### THE TASK
The copy should begin at the line containing "Pillsbury Chicken Pot Pie Crescent Roll Ring" and end at the last line of the material. Please reproduce those lines exactly and keep pictures out.

### DATA PROVIDED
· · · · · · ·

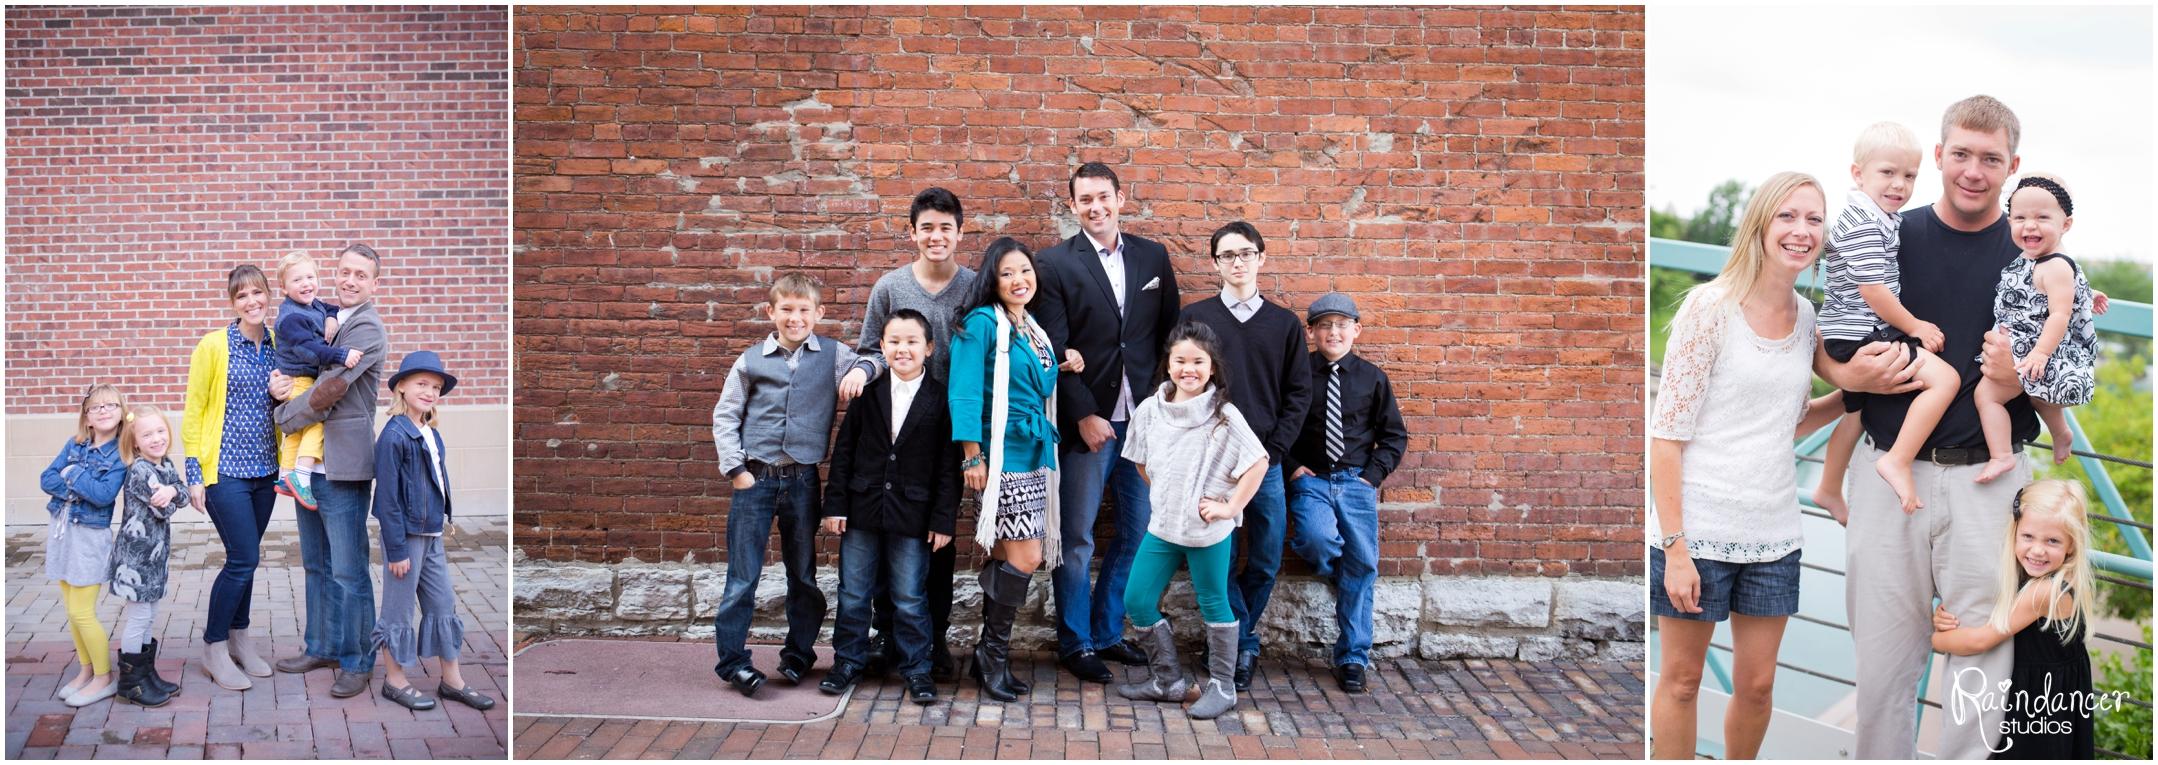 Indianapolis Family Photographer, Indianapolis Children Photographer, Indianapolis Newborn Photographer, Indianapolis Lifestyle photographer
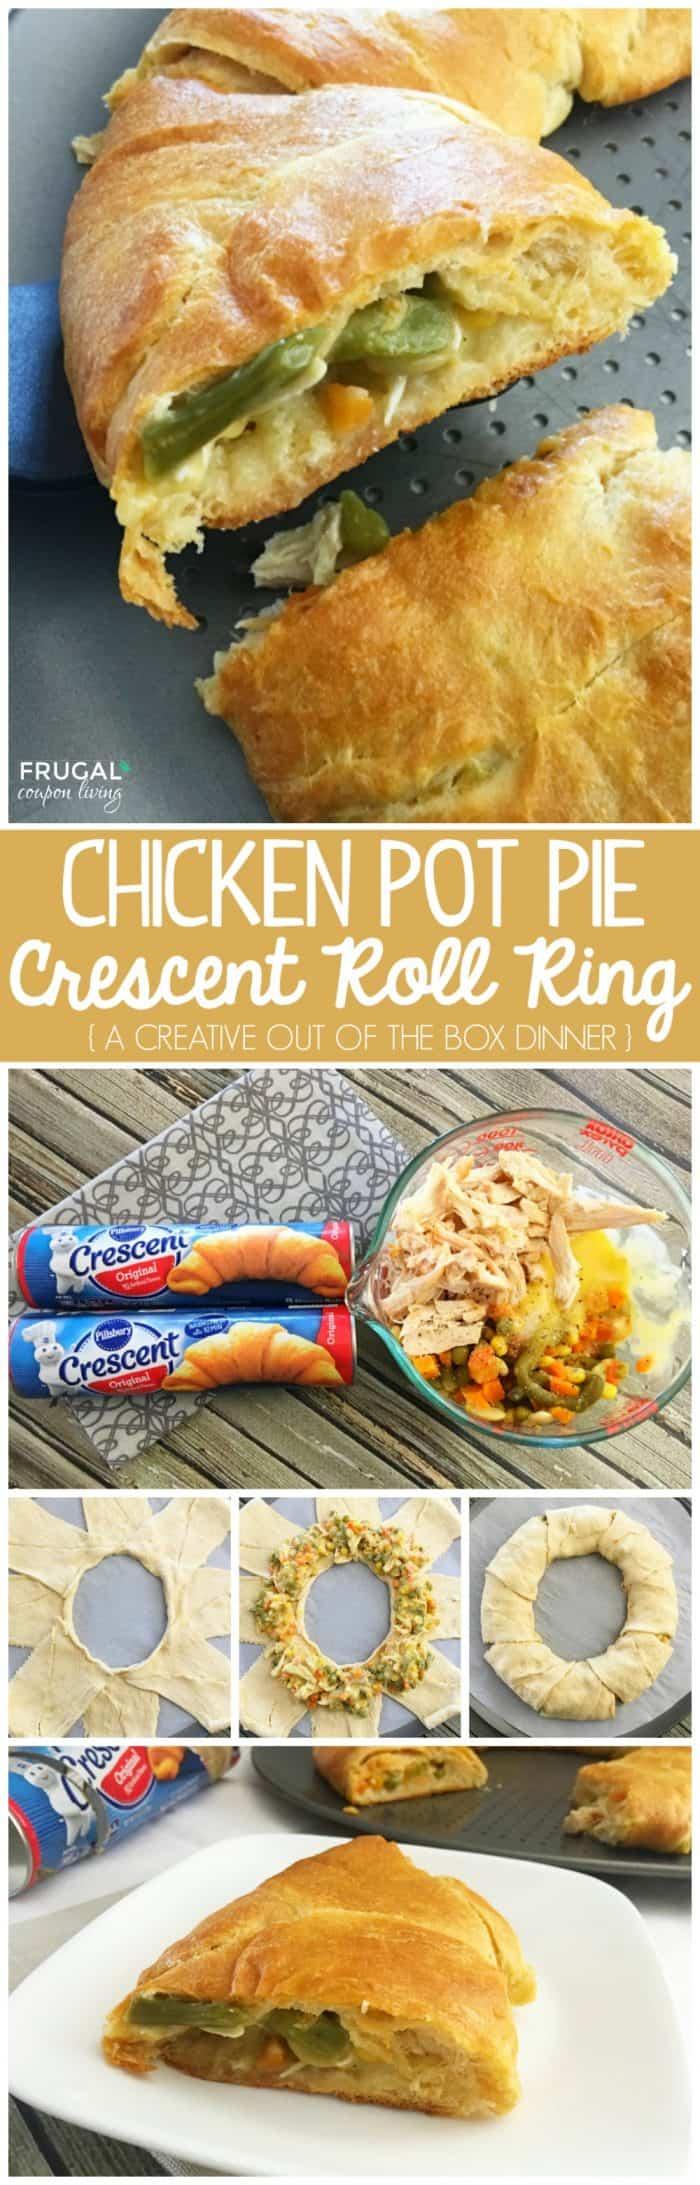 Pillsbury Chicken Pot Pie Crescent Roll Ring
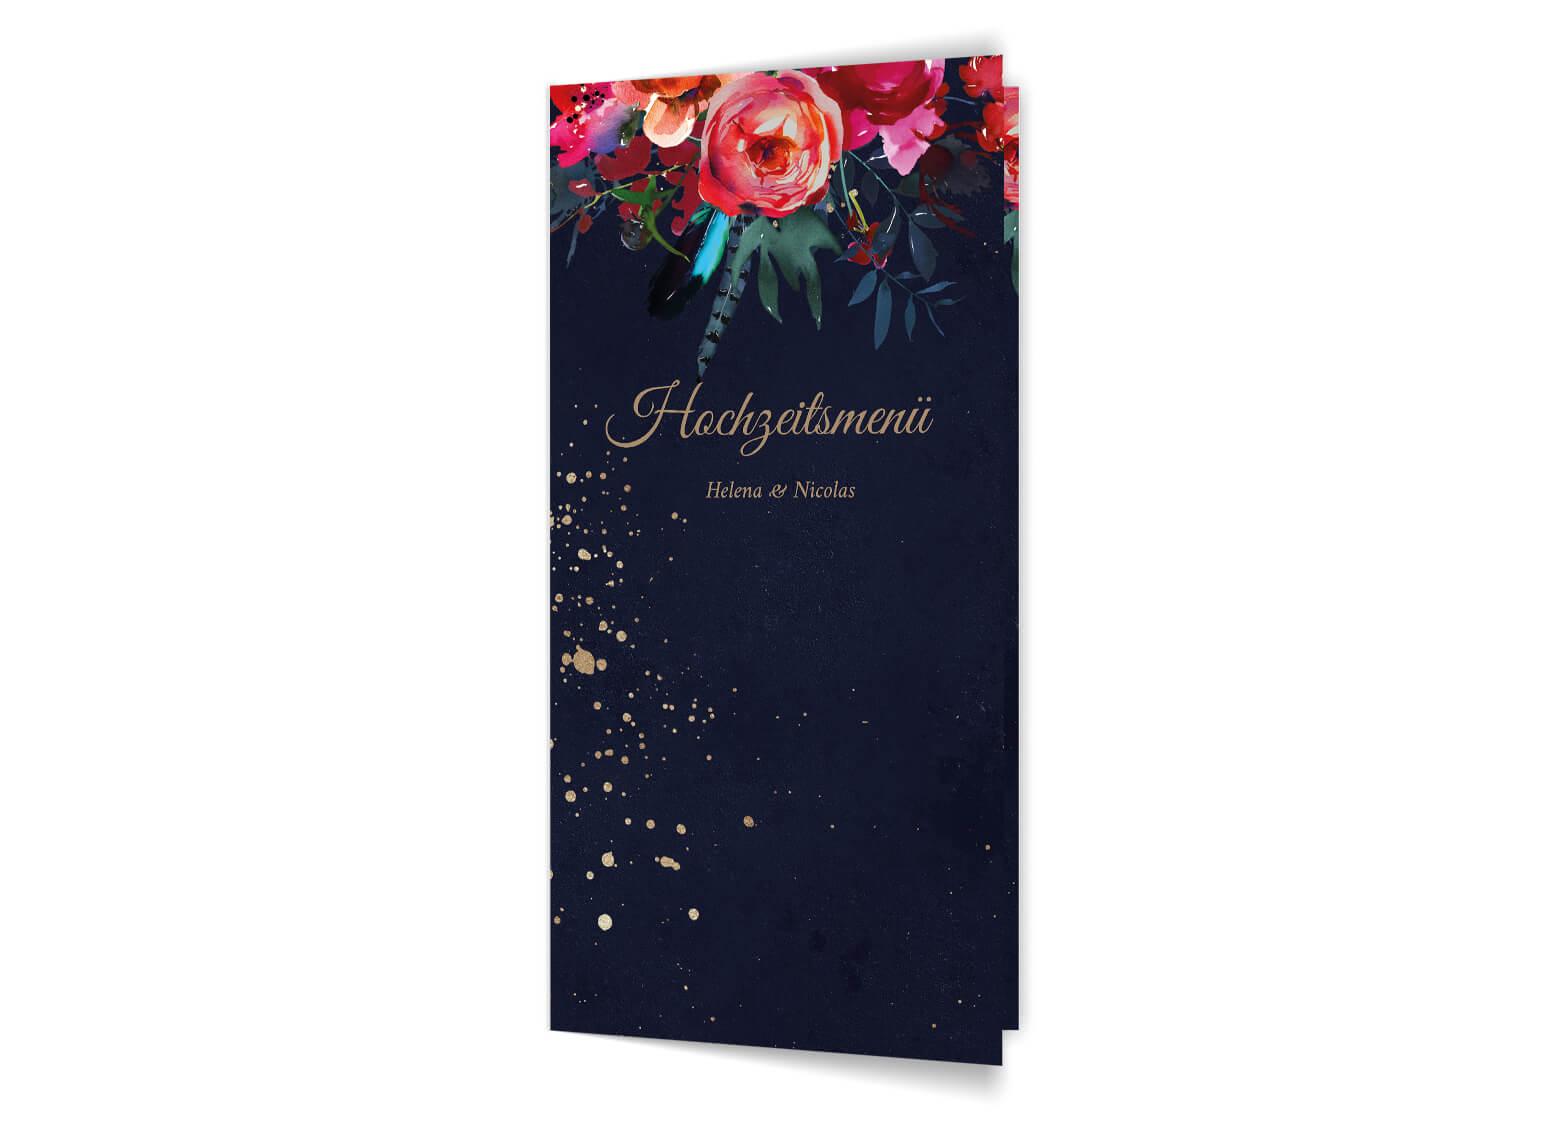 hochzeit-menue-klappkarte-din-lang–dunkel-blau-beerentoene-blumen-aquarell-gold-front-MP0021-5.0.2

· · · · · · ·

### ANSWER SECTION
 Pillsbury Chicken Pot Pie Crescent Roll Ring
 hochzeit-menue-klappkarte-din-lang–dunkel-blau-beerentoene-blumen-aquarell-gold-front-MP0021-5.0.2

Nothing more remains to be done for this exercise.